Beyond Peak Performance: Comparing the Real Performance of FPGAs and GPUs on Deep Learning Workloads, Eriko Nurvitadhi (Intel)

Monday, December 7, 2020
Location: Zoom
Time: 1:30PM-2:30PM

Abstract

The growing importance and compute demands of artificial intelligence (AI) have led to the emergence of AI optimized hardware platforms. For example, Nvidia GPUs introduced specialized tensor cores for matrix operations to speed up deep learning (DL) computation, resulting in a high peak throughput up to 130 int8 TOPS in the T4 GPU. Recently, Intel introduced AI-optimized 14nm FPGA, Intel® Stratix® 10 NX, with in-fabric AI tensor blocks that offer estimated peak performance up to 143 int8 TOPS, comparable to 12nm GPUs. However, what matters in practice is not just the peak throughput but the achievable real performance on target workloads. This depends mainly on the utilization of the tensor units on the device, and the system-level overheads to send data to/from the accelerator.
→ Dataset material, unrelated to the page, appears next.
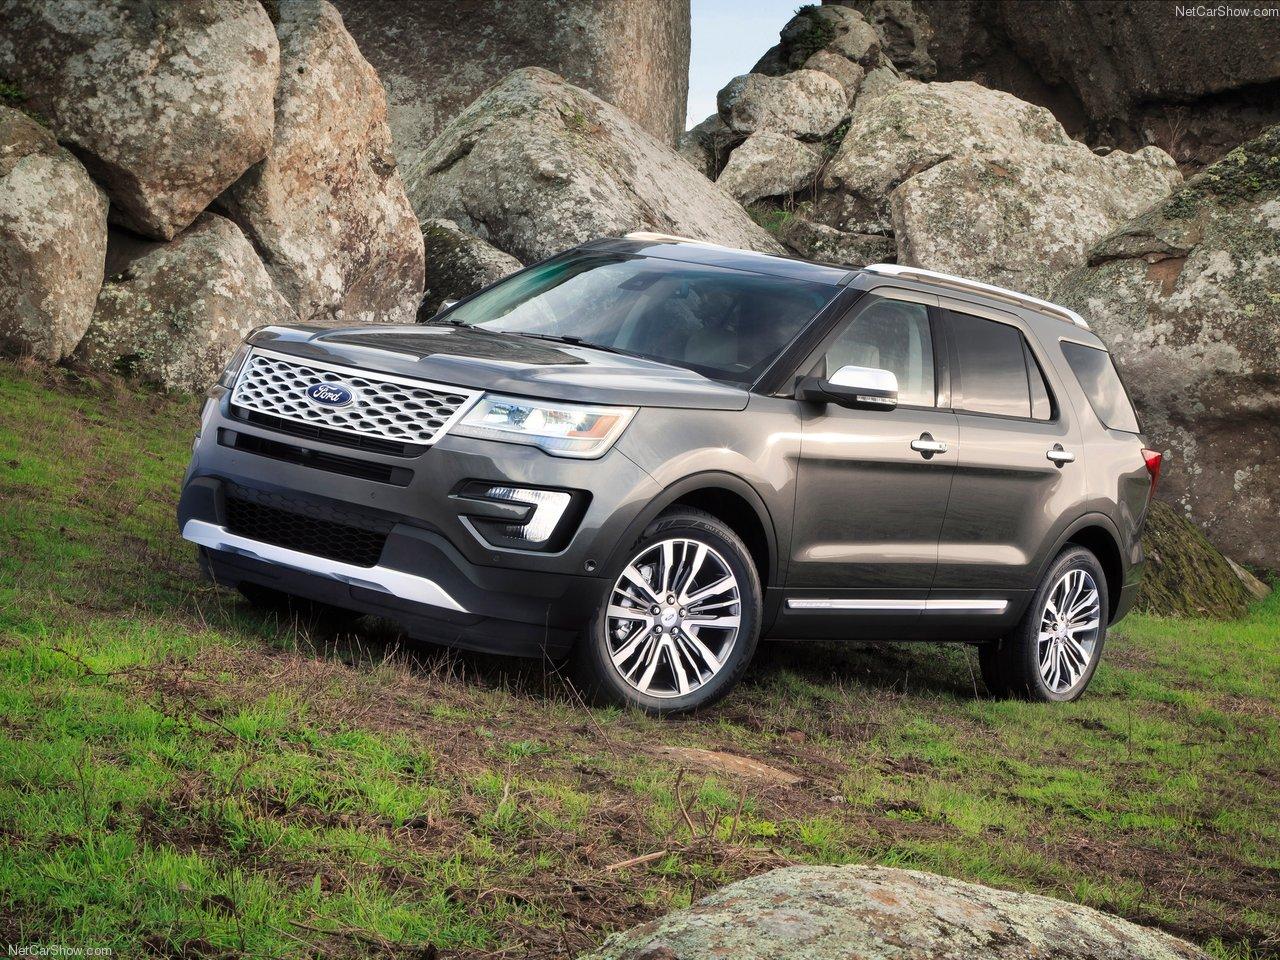 Форд Эксплорер 2019-2020: фото, технические характеристики, обзор, видео, тест-драйвы.

In this talk, I will first discuss trends in AI and FPGAs. Then, I will talk about the Stratix 10 NX FPGA (S10-NX). Next, I will present our research AI soft processor overlay (NPU) and its optimizations for S10-NX. Finally, I will report evaluation of NPU on S10-NX in comparison to GPUs (Nvidia T4 and V100) both at device- and system-levels, for a suite of real-time AI inference workloads (RNNs, GRUs, LSTMs, MLPs). Our study shows that S10-NX achieves 24× and 12× average compute speedups over the T4 and V100 GPUs at batch-6. At system-level, FPGA’s fine-grained flexibility with integrated 100 Gbps Ethernet allows for remote access at 10× and 2× less system latency than local access to a GPU via 128 Gbps PCIe for short and long sequence RNNs, respectively.

Bio

Eriko Nurvitadhi is a senior research scientist at the CTO office of Programmable Solutions Group at Intel. He leads FPGA external/academic and internal research programs. His research focuses on hardware accelerator architectures (e.g., FPGAs, ASICs) for AI and data analytics. He has over 50 academic publications and 15 patents issued in this area. His research has contributed to Intel’s FPGA and ASIC solutions for AI. At Intel, he has received awards for his contributions to co-founding and growing FPGA academic program, as well as to next-generation FPGA technology. He received his PhD in Electrical and Computer Engineering from Carnegie Mellon University.